Example 0.2 Suppose in the Bernoulli trials of Example 0.1 we wish to estimate \(\theta^{2}\). The maximum likelihood estimator is \(\left(\frac{X}{n}\right)^{2}\). However this is a biased estimator as \[\begin{eqnarray} E(X^{2} \, | \, \theta) & = & Var(X \, | \, \theta) + E^{2}(X \, | \, \theta)\nonumber \\ & = & n\theta(1-\theta) + n^{2}\theta^{2} \nonumber \\ & = & n\theta + n(n-1)\theta^{2}. \tag{0.2} \end{eqnarray}\] Noting that \(E(X \, | \, \theta) = n\theta\) then (0.2) may be rearranged as \[\begin{eqnarray} E(X^{2} \, | \, \theta) - E(X \, | \, \theta) \ = \ n(n-1)\theta^{2} & \Rightarrow & E\{X(X-1) \, | \, \theta \} \ = \ n(n-1)\theta^{2}. \nonumber \end{eqnarray}\] Thus, \(\frac{X(X-1)}{n(n-1)}\) is an unbiased estimator of \(\theta^{2}\). Suppose we observe \(x = 1\). Then our estimate of \(\theta^{2}\) is 0: we estimate a chance as zero even though the event has occurred!

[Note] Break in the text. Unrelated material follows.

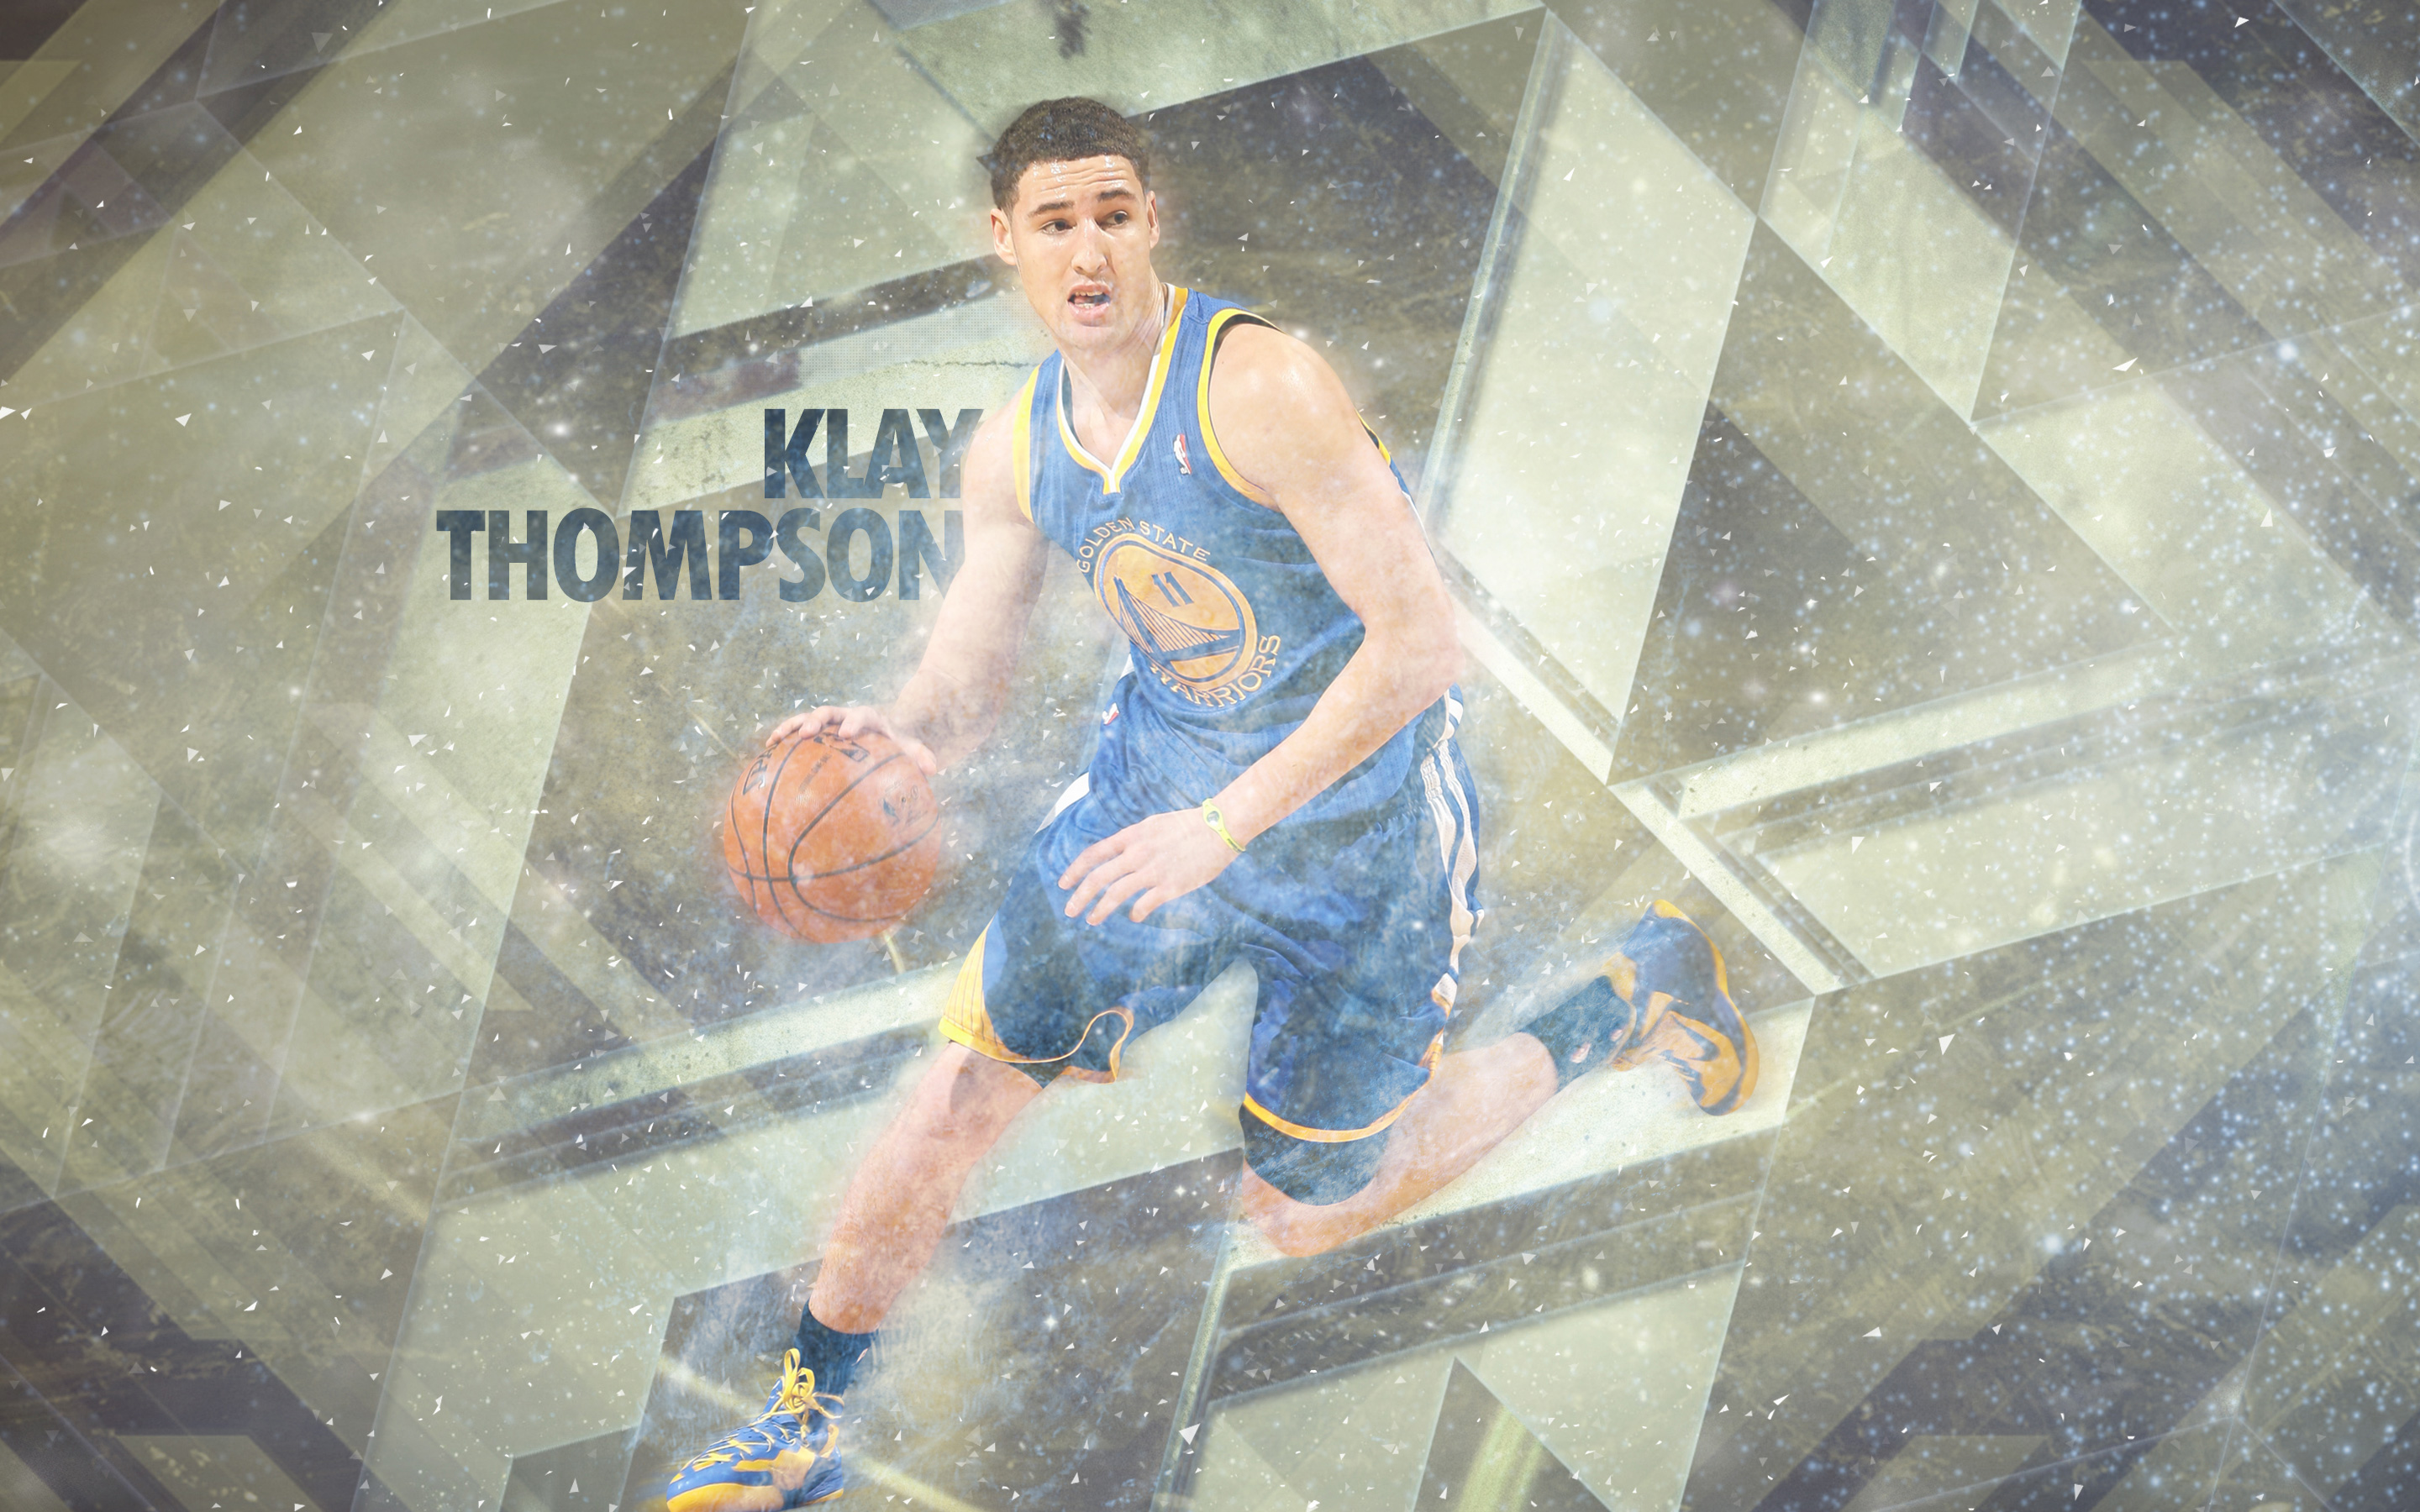 Klay Thompson  Klay thompson, Klay thompson wallpaper, Basketball players

Example 0.3 Now let’s consider two different experiments, both modelled as Bernoulli trials.

  1. Toss a coin \(n\) times and observe \(x\) heads. Parameter \(\theta_{c}\) represents the probability of tossing a head on a single trial.

  2. Toss a drawing pin \(n\) times and observe that the pin lands facing upwards on \(x\) occasions.

The maximum likelihood estimates for \(\theta_{c}\) and \(\theta_{p}\) are identical and share the same properties. Is this sensible?

I, and perhaps you do too, have lots of experience of tossing coins and these are well known to have propensities close to \(\frac{1}{2}\). Thus, even before I toss the coin on these \(n\) occasions, I have some knowledge about \(\theta_{c}\). (At the very least I can say something about where I think it will be and how confident I am in this location which could be viewed as specifying a mean and a variance for \(\theta_{c}\).) Equally, I have little knowledge about the tossing propensities of drawing pins - I don’t really know much about \(\theta_{p}\). Shouldn’t I take these differences into account somehow? The classical approach provides no scope for this as \(\theta_{c}\) and \(\theta_{p}\) are both unknown constants. In a Bayesian analysis, see Example 1.2, we can reflect our knowledge about \(\theta_{c}\) and \(\theta_{p}\) by specifying probability distributions for \(\theta_{c}\) and \(\theta_{p}\).

Let’s think back to maximum likelihood estimation. We ask

“what value of \(\theta\) makes the data most likely to occur?”

Isn’t this the wrong way around, what we are really interested in is

“what value of \(\theta\) is most likely given the data?”

In a classical analysis this question makes no sense. However, it can be answered in a Bayesian context. We specify a prior distribution \(f(\theta)\) for \(\theta\) and combine this with the likelihood \(f(x \, | \, \theta)\) to obtain the posterior distribution for \(\theta\) given \(x\) using Bayes’ theorem, \[\begin{eqnarray} f(\theta \, | \, x) & = & \frac{f(x \, | \, \theta)f(\theta)}{\int f(x \, | \, \theta)f(\theta) \, d\theta} \nonumber \\ & \propto & f(x \, | \, \theta)f(\theta). \nonumber \end{eqnarray}\] Bayesian analysis is concerned with the distributions of \(\theta\) and how they are changed in the light of new information (typically data). The distribution \(f(x \, | \, \theta)\) is irrelevant to the Bayesian after \(X\) has been observed yet to the classicist it is the only distribution they can work with.